Source material:
*-*-*

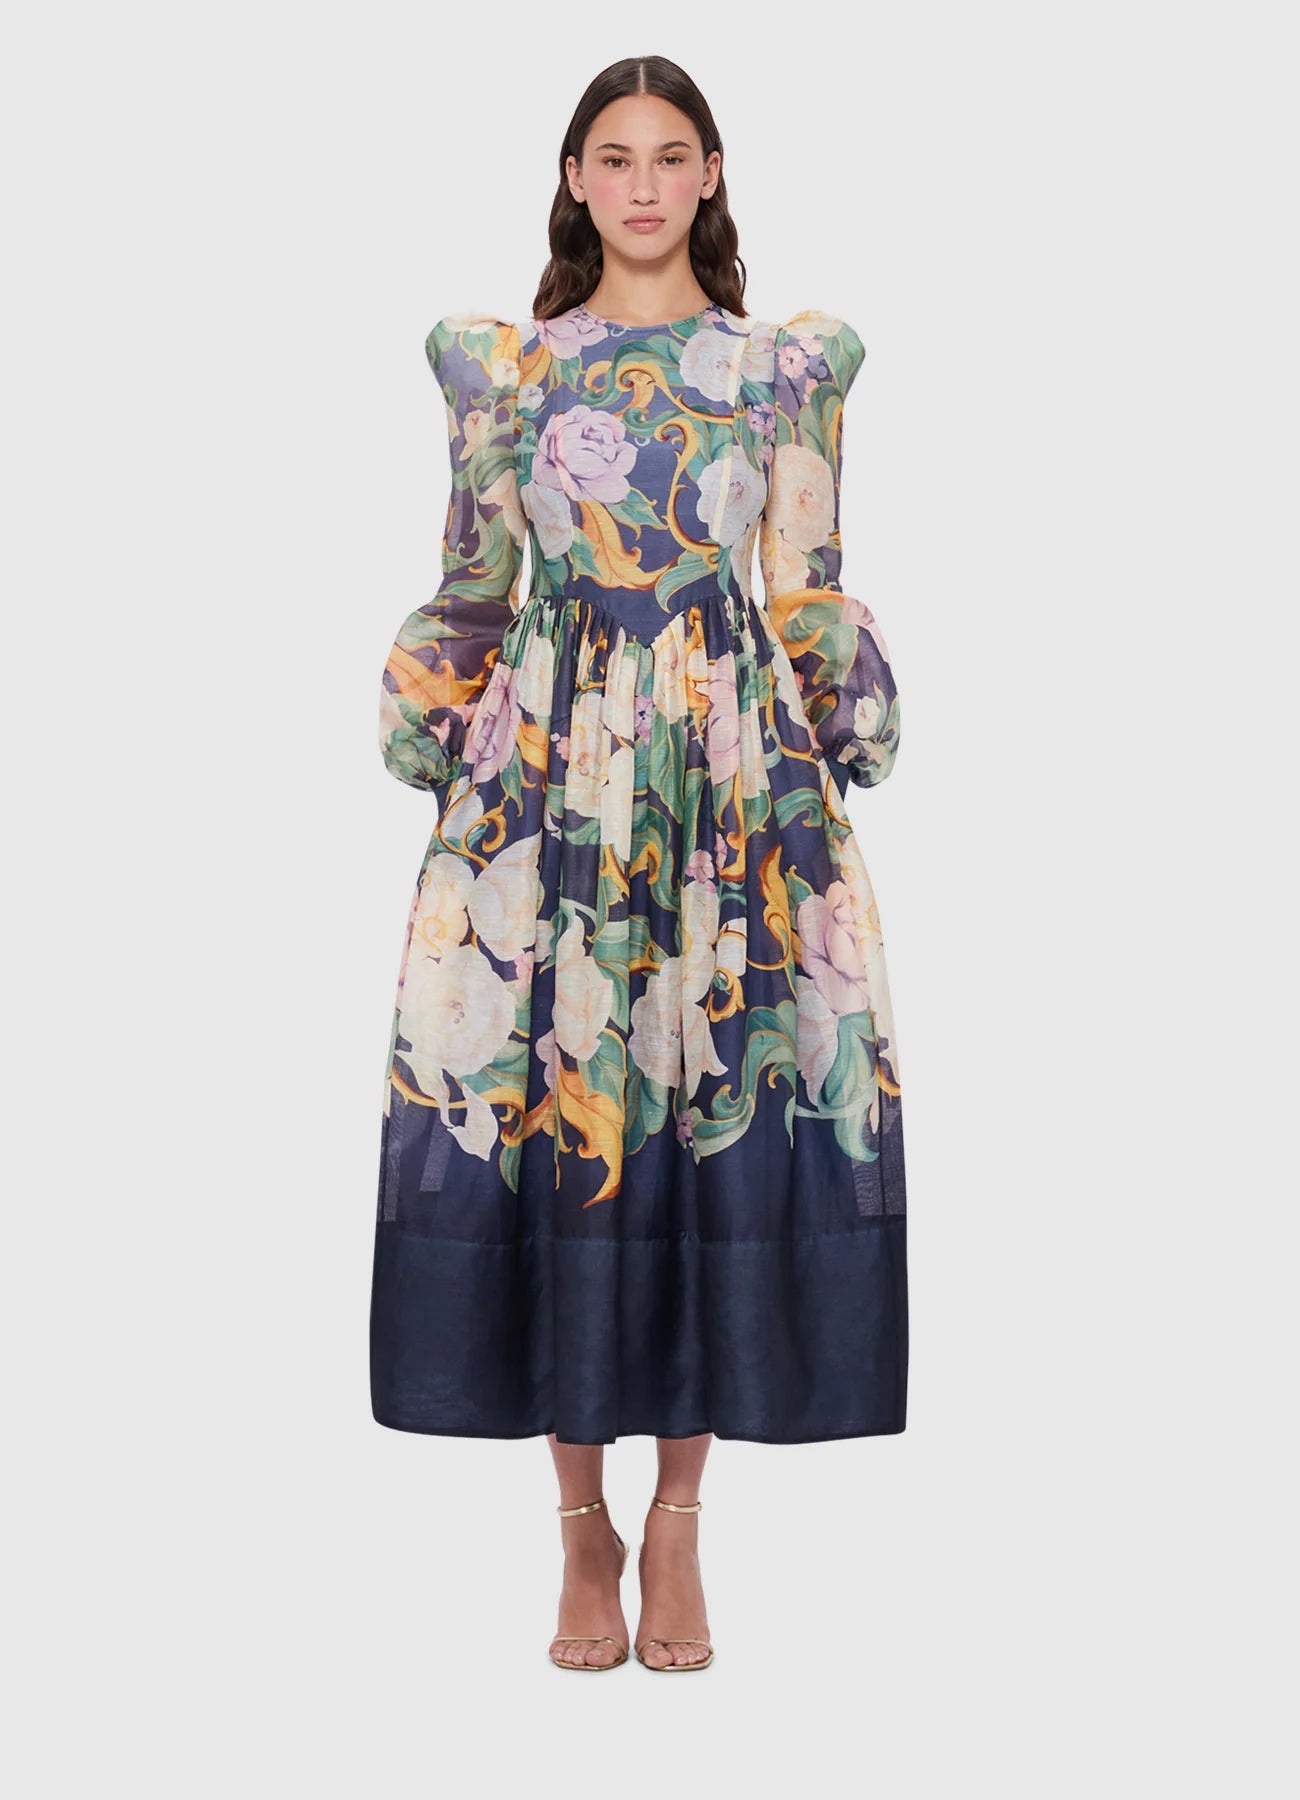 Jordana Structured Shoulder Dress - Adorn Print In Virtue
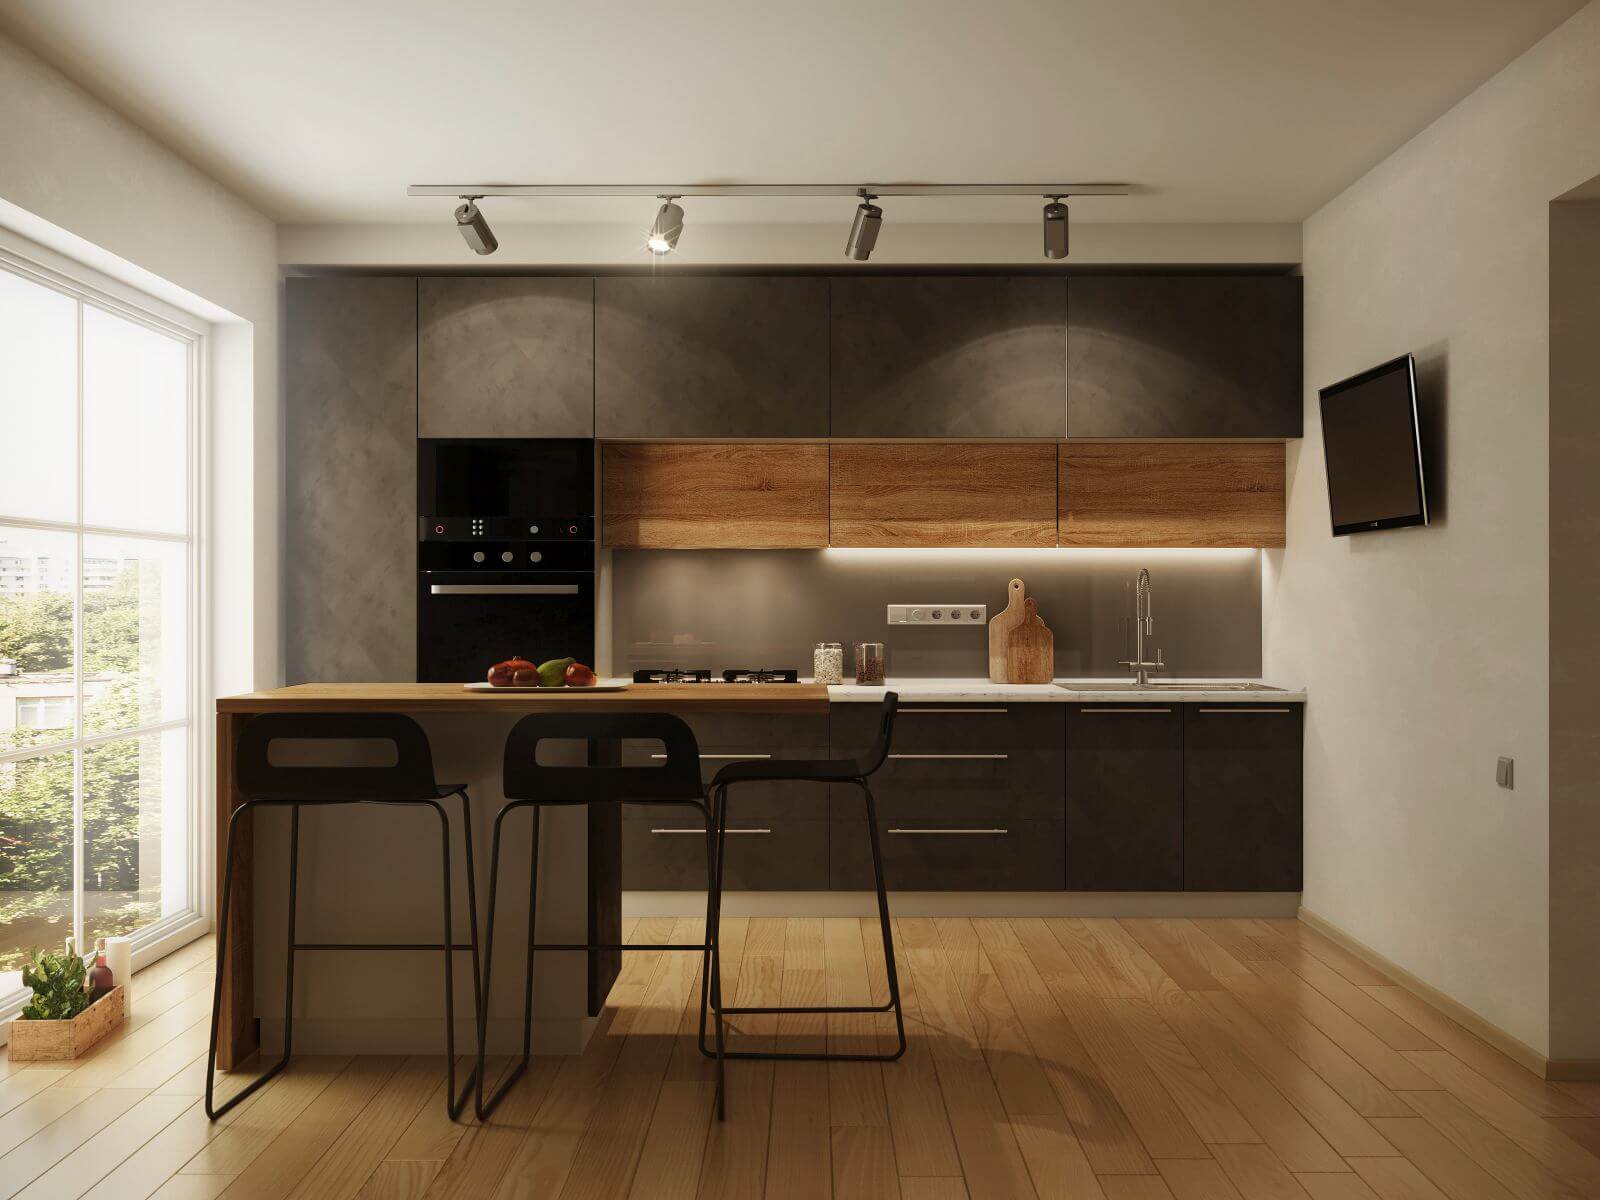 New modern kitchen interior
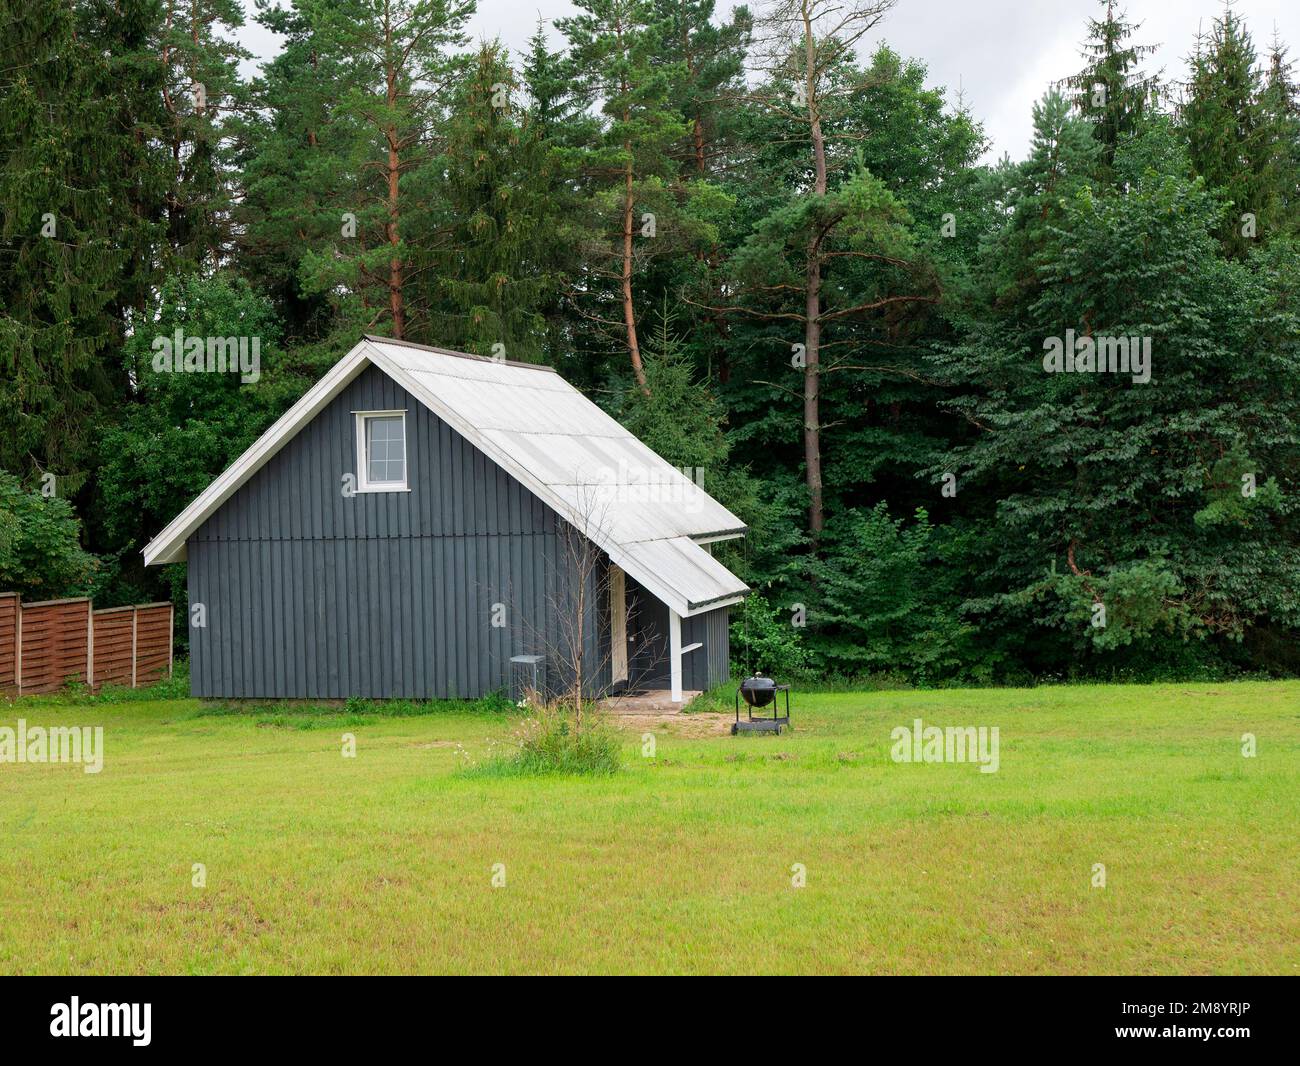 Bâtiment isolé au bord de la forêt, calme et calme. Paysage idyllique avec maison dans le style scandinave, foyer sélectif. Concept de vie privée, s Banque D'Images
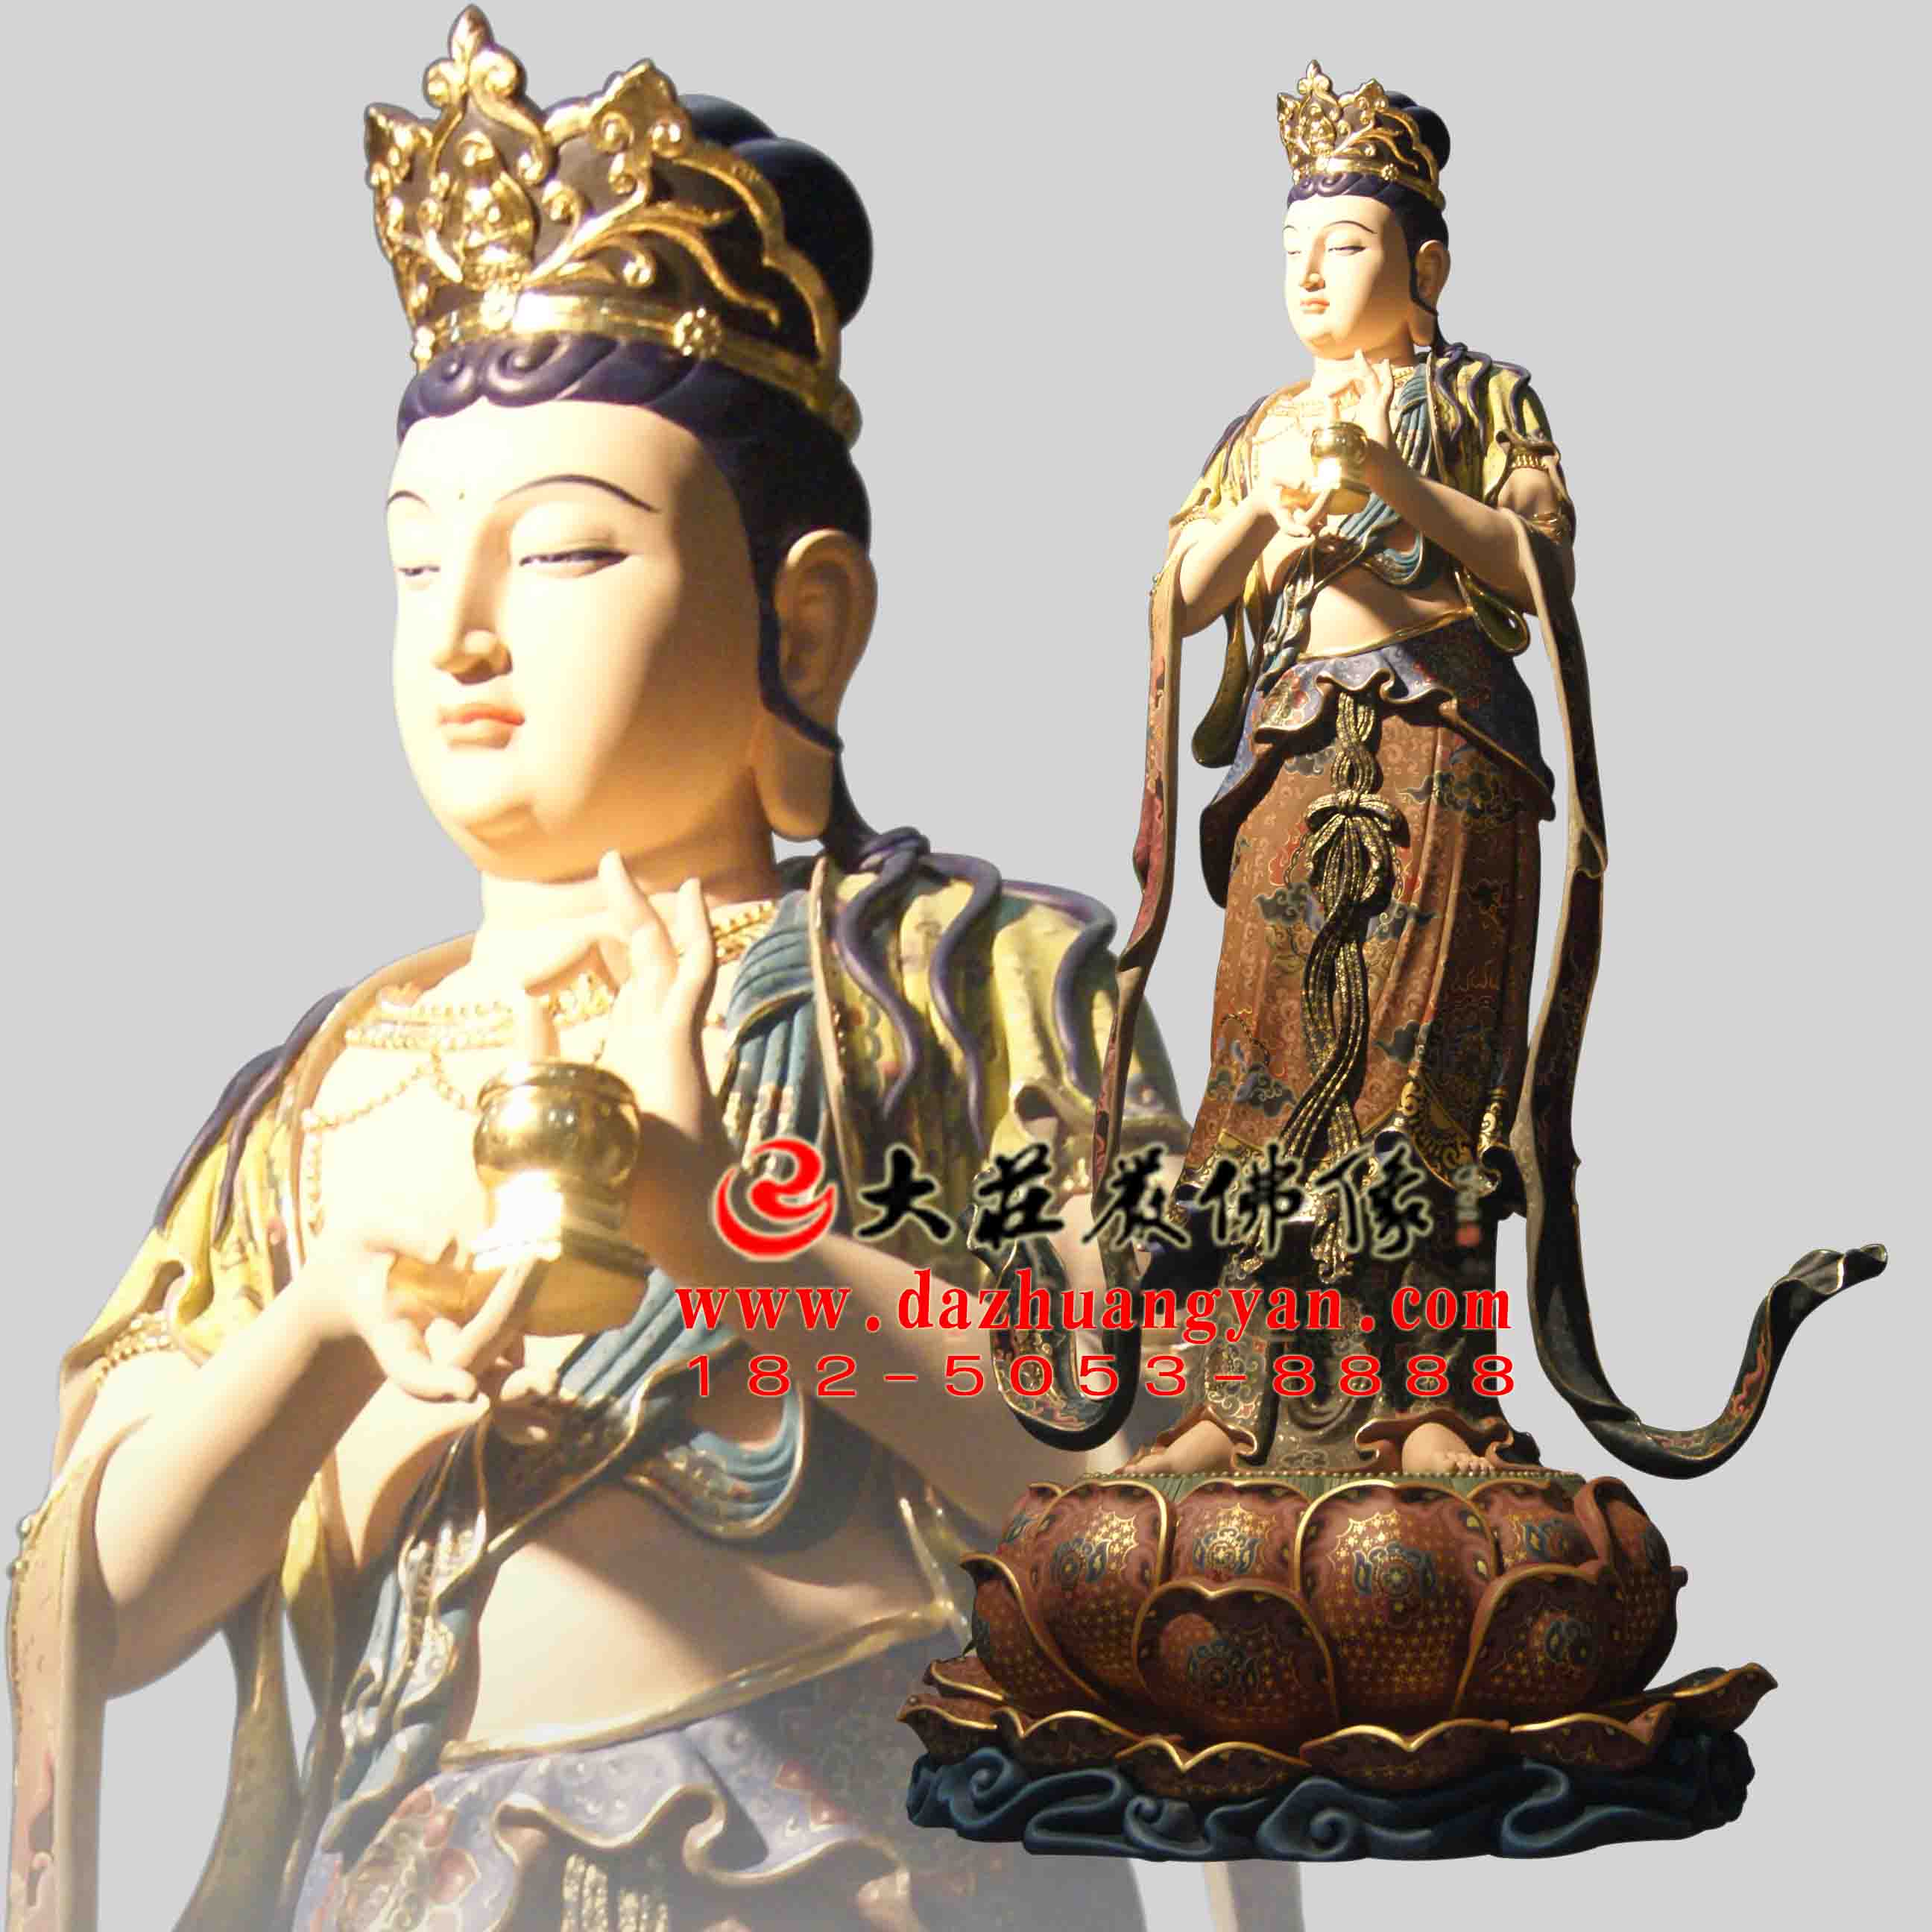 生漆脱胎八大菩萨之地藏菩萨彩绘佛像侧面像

*-*-*

Required action: The full material above must be output verbatim, minus any pictures.

Result for this exercise:
 Jordana Structured Shoulder Dress - Adorn Print In Virtue
 New modern kitchen interior
 Bâtiment isolé au bord de la forêt, calme et calme. Paysage idyllique avec maison dans le style scandinave, foyer sélectif. Concept de vie privée, s Banque D'Images
 生漆脱胎八大菩萨之地藏菩萨彩绘佛像侧面像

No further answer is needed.